JEROME P. REITER

Mrs. Alexander Hehmeyer Associate Professor of Statistical Science
Department of Statistical Science

Duke University

Summary of dissertation

 
Title:          Estimation in the Presence of Constraints that Prohibit Explicit Data Pooling
 
Advisor:    Donald B. Rubin,   Dept. of Statistics, Harvard University
 
Summary:
 
When using regression models where units can be classified into distinct groups, similar parameters in each group can be estimated by combining data across groups, as in hierarchical Bayesian models. Such explicit data pooling typically increases estimation accuracy relative to separate regressions in each group.  Sometimes, however, explicit data pooling is prohibited because of legal or political constraints.  For example, under the design of the 2000 U.S. census that includes the Integrated Coverage Measurement  Survey--which was the proposed design of the census until the Supreme Court ruled sampling for apportionment illegal--the Census Bureau avoids pooling data across states when estimating population counts because the law may not allow data from one state to affect population counts in another state.
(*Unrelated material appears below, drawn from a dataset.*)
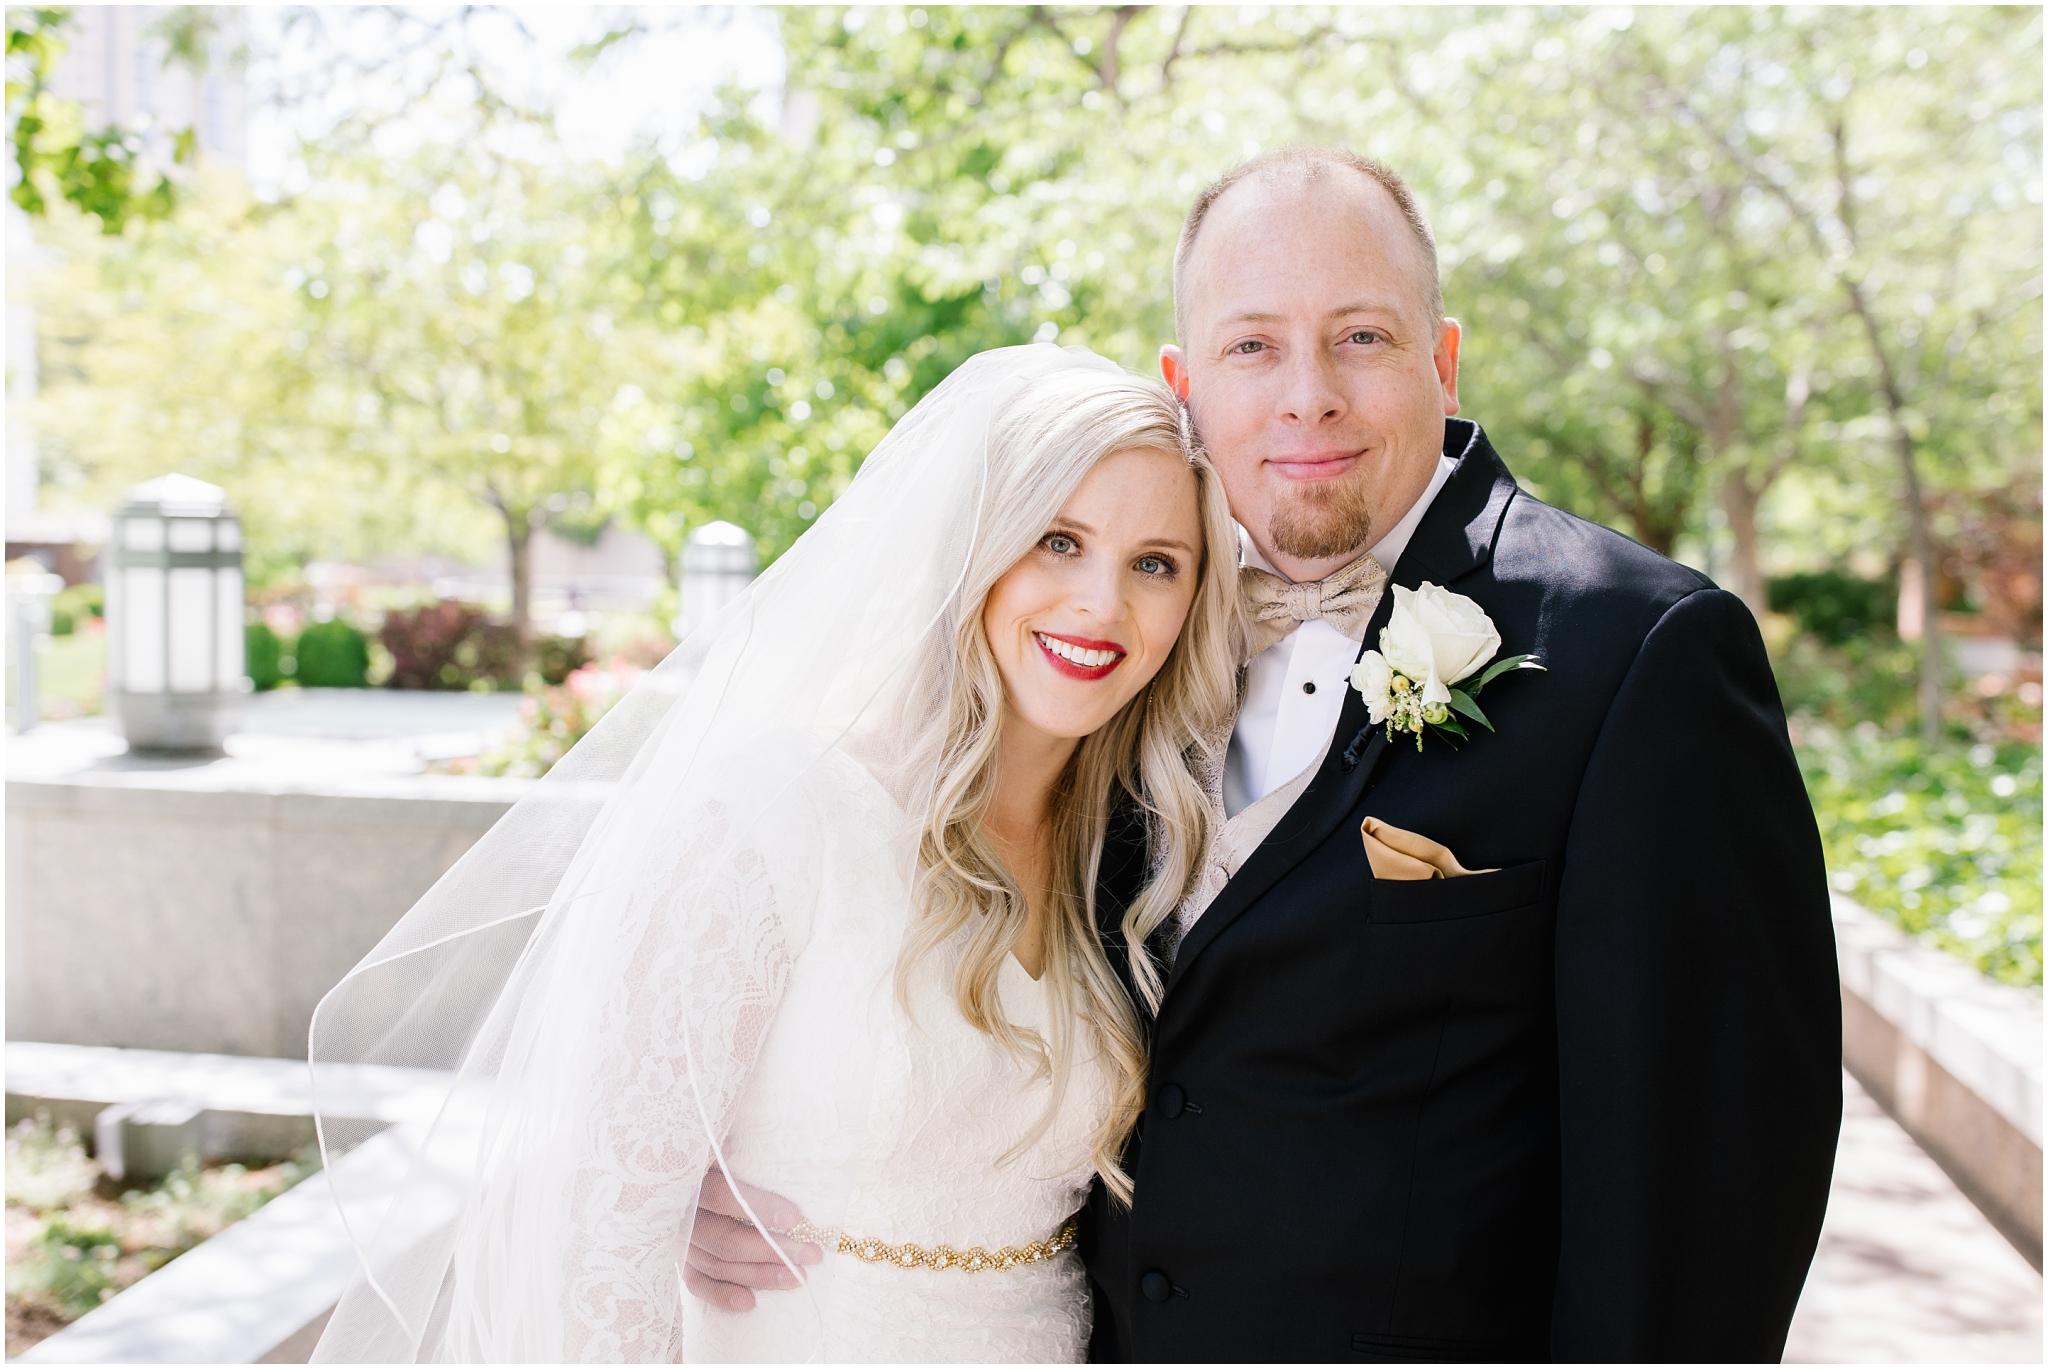 CherylandTyler-320_Lizzie-B-Imagery-Utah-Wedding-Photographer-Salt-Lake-City-Temple-Wells-Fargo-Building-Reception.jpg

Similar constraints may apply when sampling is used to audit, assess, or compare the performances of several groups: a group may not want the data from other groups to affect its performance estimate, particularly when poor performance is penalized. 
 
In my dissertation, I develop techniques for such constrained estimation settings.  The general approach is to utilize information from multiple groups to specify the model in each group, but ultimately estimate the parameters in each group's model using only that group's data. This may satisfy the constraints because data pooling is used just for model specification and not for parameter estimation, and it may  increase estimation accuracy relative to regressing separately in each group because it takes advantage of across-group information.  The techniques can be conceptualized as existing on a continuum ordered by how directly each relies on data pooling to make estimates; those techniques that look more like explicit data pooling are typically more accurate yet less likely to be acceptable.  Using simulation studies, I show that some of these techniques have great potential to increase estimation accuracy.  I also present a procedure that predicts the payoff of each technique from observable characteristics of the data.
 
Portions of this research have appeared in:

Reiter, J.  (2000) ``Borrowing Strength When Explicit Data Pooling Is Prohibited.'' Journal of  Official Statistics, 16, pp. 295-319.

Reiter, J.  (2001) ``Borrowing Strength Without Explicit Data Pooling.'' In Monographs of Official Statistics: Bayesian Methods With Applications to Science, Policy, and Official Statistics. Edited by E. George and N. Photis. Eurostat, pp. 439-448.